Gradient-Free Training of Spiking Neural Networks via Low-Rank Evolution Strategies
Pith reviewed 2026-06-30 20:11 UTC · model grok-4.3
The pith
Low-rank factorization of evolution strategy perturbations trains spiking neural networks to 79.21 percent accuracy without gradients or backpropagation.
A machine-rendered reading of the paper's core claim, the machinery that carries it, and where it could break.
Core claim
EGGROLL factorizes the perturbations used by evolution strategies so that each generation stores and applies updates in O(r(m+n)) memory instead of O(mn).
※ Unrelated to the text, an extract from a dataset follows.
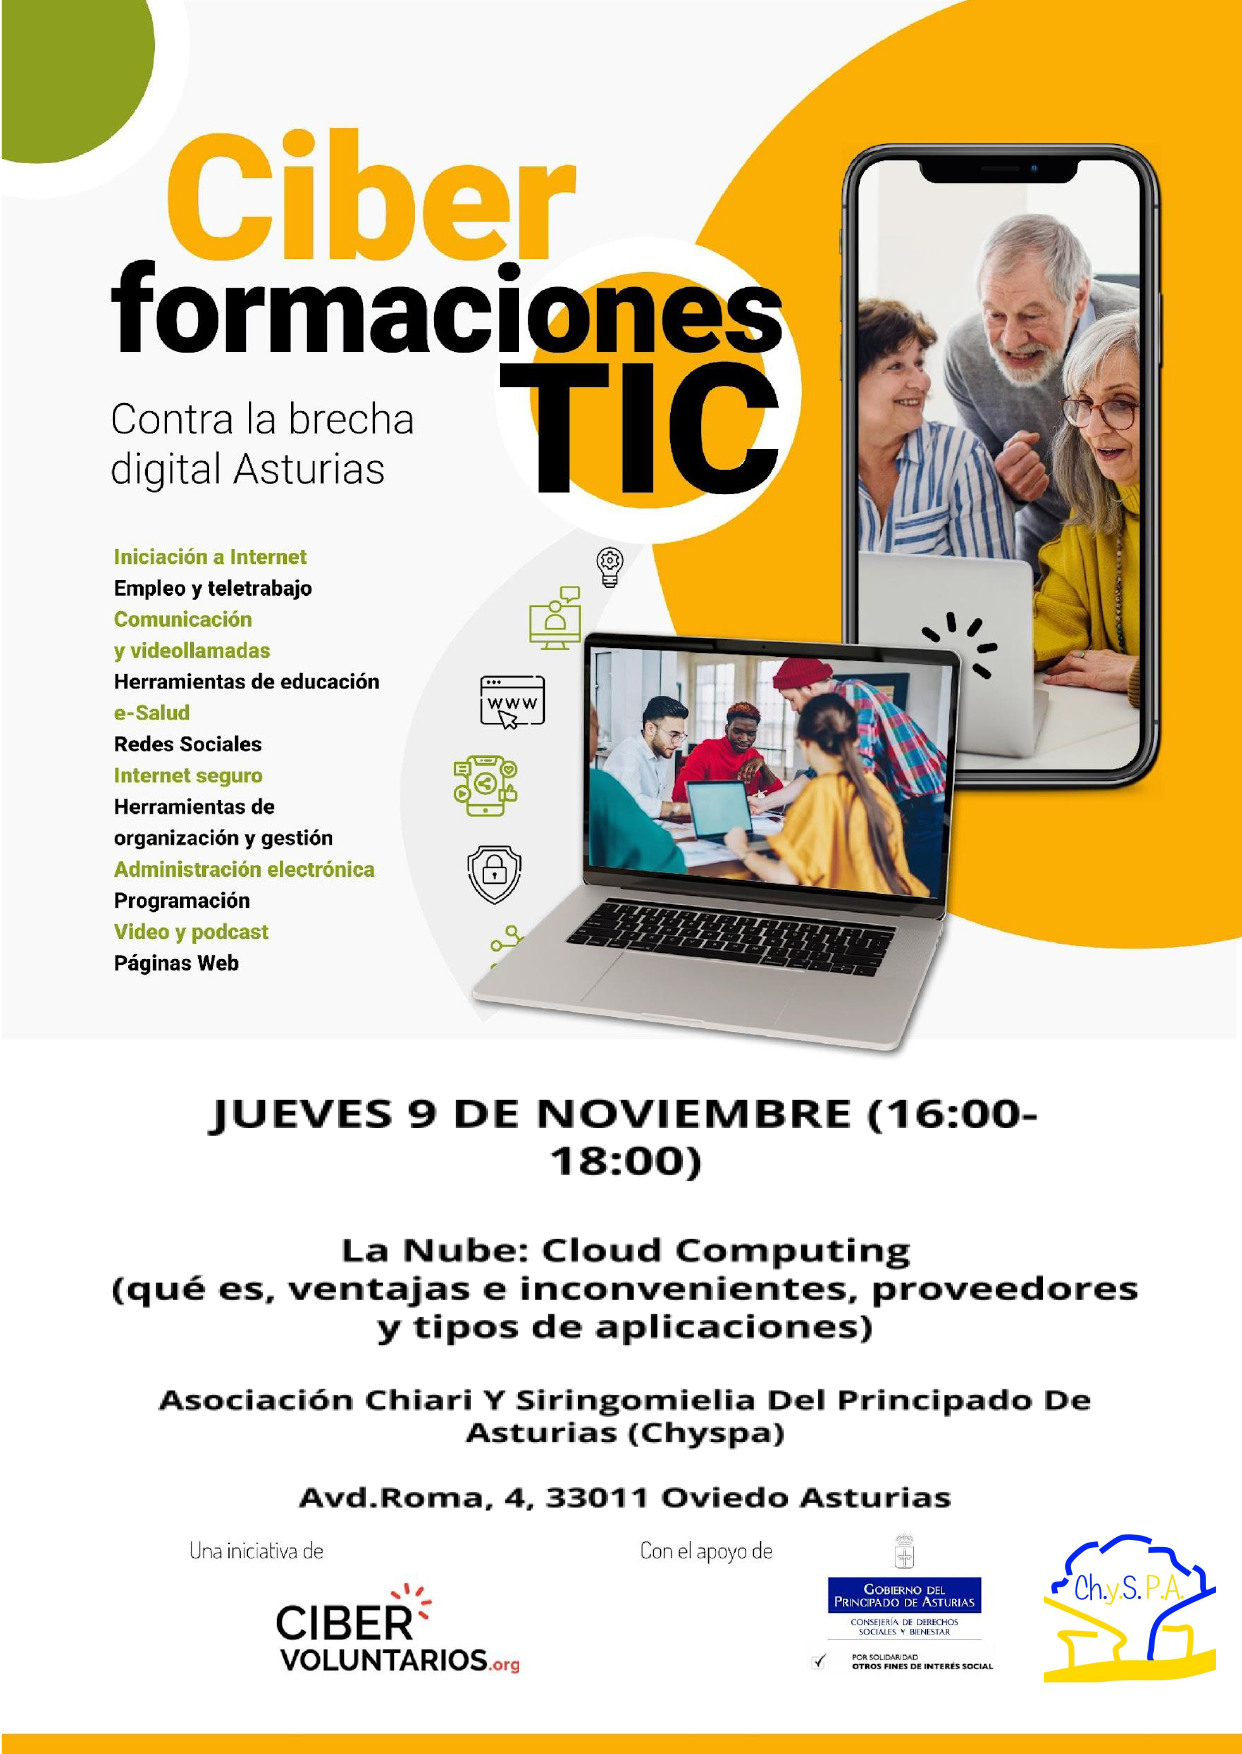 El lunes 9 de noviembre damos comienzo al taller contra la brecha digital, a las 16:00h en Hotel de asociaciones, Avd. de Roma 4 (Oviedo),constará de 4 jornadas. ¡No te las pierdas!

When this factorization is paired with a leaky integrate-and-fire spiking network and evaluated on N-MNIST, gradient-free optimization reaches 79.21 percent test accuracy and runs 2.23 times faster per generation than the corresponding full-rank evolution strategy.
What carries the argument
EGGROLL, the low-rank factorization of evolution-strategy perturbations that reduces memory and compute from full matrix storage to the product of two smaller factors.
If this is right
- Spiking networks become trainable directly on neuromorphic chips without any surrogate-gradient or backpropagation circuitry.
- Memory cost of evolution-strategy training now grows linearly rather than quadratically with layer width, opening larger networks to gradient-free methods.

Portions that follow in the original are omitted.